The Cal State Northridge offense had wobbled and bobbled before and come through at the end. Why should it be any different Saturday against Cal Poly San Luis Obispo in the game that would decide the champion of the Western Football Conference?
So Taylor watched and waited.
“I thought something good was going to happen right up until the end of the game,” he said.
It never did.
Northridge pulled inside the San Luis Obispo 20-yard line three times. Its opponent penetrated that deep just once--after an interception. And still the Matadors lost, 6-3. A pass was dropped at the goal line and a pair of field goals were blocked.
Had either kick been good, Northridge would have won the conference title outright. Instead, the Matadors share it for the first time since 1983.
Few found comfort in that afterward.
“These guys went out and played their. . . . off,” safety Eric Treibatch said of his counterparts on the Northridge defense. “They left everything on the field. I went in after the game and cried. Not for me, but for the other 10 or so guys. We didn’t deserve to lose this game.”
But there was that first-quarter interception of a Sherdrick Bonner pass. Mustang linebacker Lee Jaitt returned the ball from CSUN’s 35 to the 12.
“If they would have got that turnover at any other point, they never would have got in the end zone,” Matador linebacker Ken Wallace said. But San Luis Obispo did--on a one-yard dive by Daryl McChristian.
And the Mustang defense, rated second among NCAA Division II teams coming into the game, made it stand up.
San Luis Obispo allowed 219 yards in offense, only 79 on the ground. Fifty of that came on a run by Victor DeVaughn, CSUN’s reserve tailback.
DeVaughn, subbing for All-American Albert Fann, moved the ball to the Mustang 10 in the fourth quarter. Three plays later, the Matadors were back at the 23. So it went.
But other times it worked out in the end. Against Portland State, Bonner hooked up with Billy Nealy for a touchdown pass with 41 seconds left to give CSUN a 19-18 victory.
Last week against Santa Clara, the Matadors scored twice in the last two minutes to win, 10-7.
There were no such heroics this time. A fact that left Northridge defenders counting their own opportunities afterward.

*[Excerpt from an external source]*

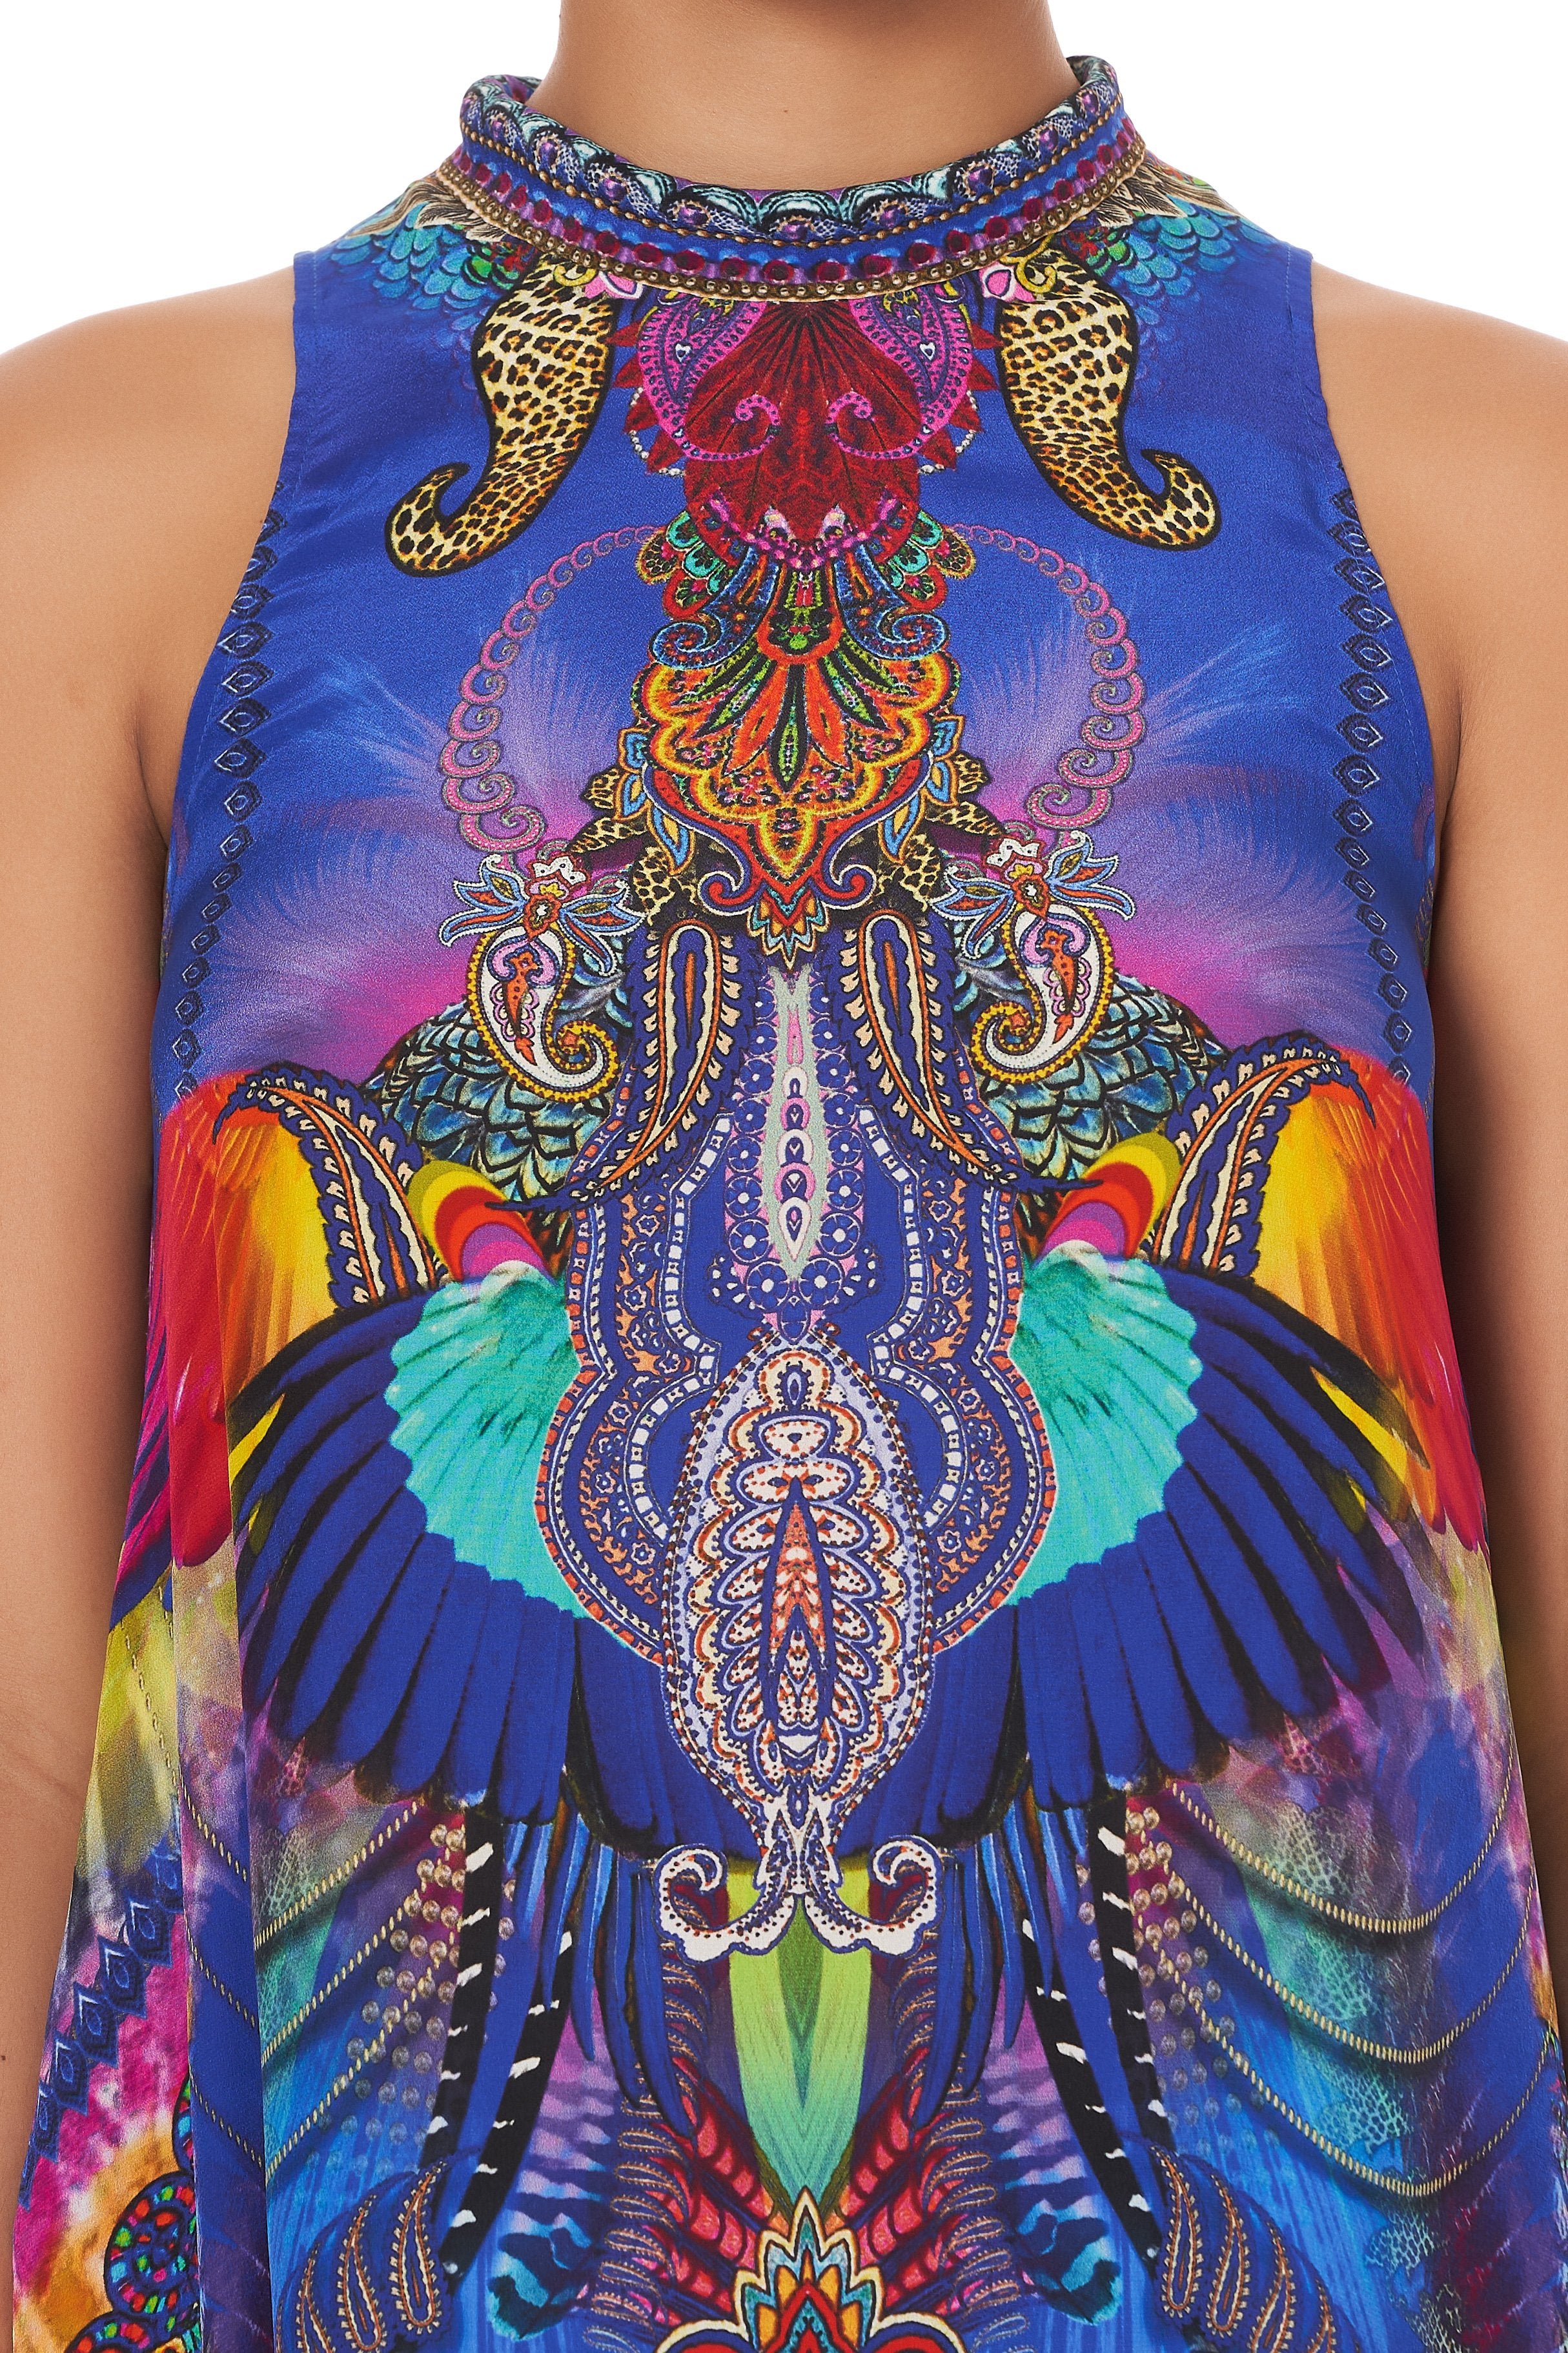 HIGH NECK DRESS WITH BACK NECK TIE PSYCHEDELICA

In the fourth quarter, linebacker Danny Abraham recovered a fumble at the Mustang 20 and returned it to the 11. That drive ended when Abo Velasco’s 27-yard field-goal attempt was blocked.
“I shouldn’t have juked,” Abraham said of his runback. “If I’d ran it straight, I would have scored.”

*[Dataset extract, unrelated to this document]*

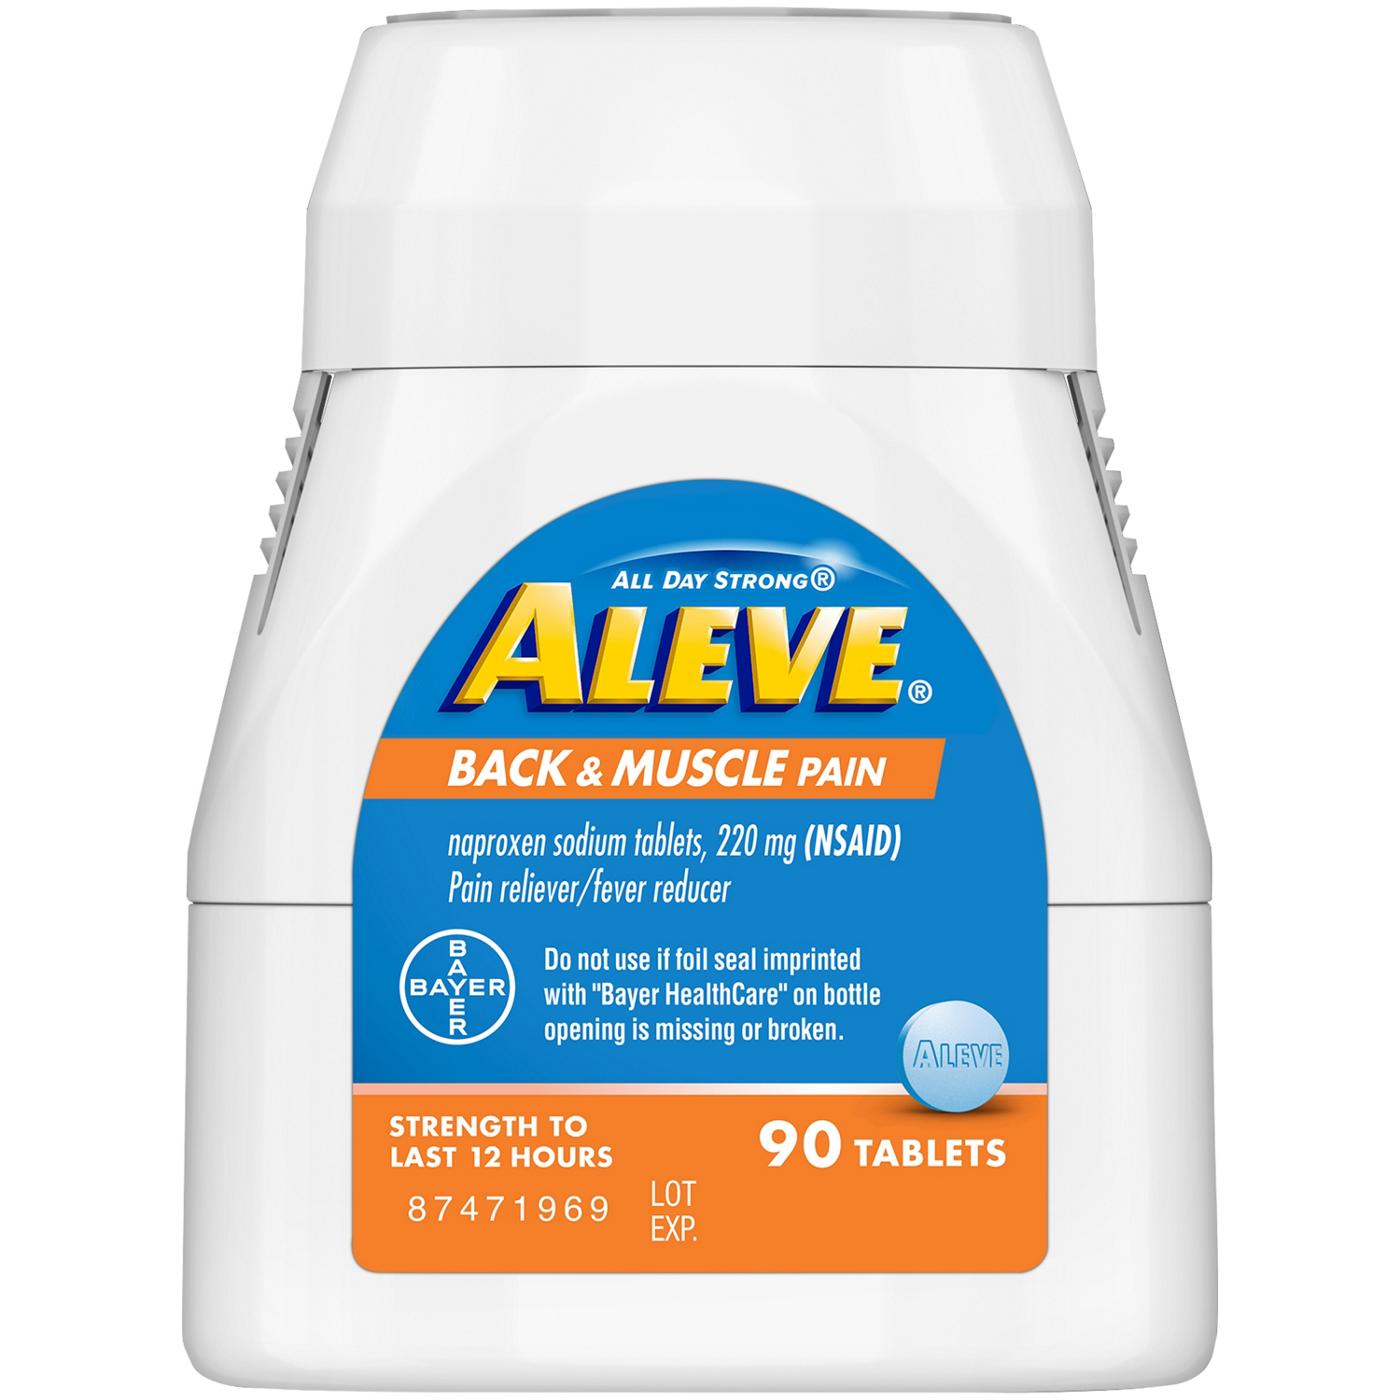 Aleve Back & Muscle Pain Naproxen 220mg Tablets; image 2 of 7

A short time later, Abraham forced another turnover, sacking David Lafferty and forcing a fumble. It was picked up by Wallace at the 50 and he raced to the end zone for an apparent touchdown.

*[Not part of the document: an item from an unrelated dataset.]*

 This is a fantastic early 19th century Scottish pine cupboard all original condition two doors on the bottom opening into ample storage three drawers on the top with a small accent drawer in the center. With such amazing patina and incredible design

It was disallowed. Fumbles that occur behind the line of scrimmage cannot be advanced.
Wallace was celebrating in the end zone when informed of the rule. “He let me run all the way down there,” Wallace said. “I was like, ‘Dude, you should have blown the whistle before I ran all the way down there.’ ”
What was billed as a battle of defenses was played true to form. The blocked field-goal attempts were important but when San Luis Obispo Coach Lyle Setencich was asked about it afterward, he clammed up quickly, refusing to say if he spotted a weakness while watching films.
“I won’t respond to that because we’ll probably play them again in the playoffs,” Setencich said.
Taylor, for one, hopes it happens.
“We give credit to Cal Poly tonight,” he said. “They played a good game and played rock ‘em, sock ‘em like we like. Maybe we’ll see them again.”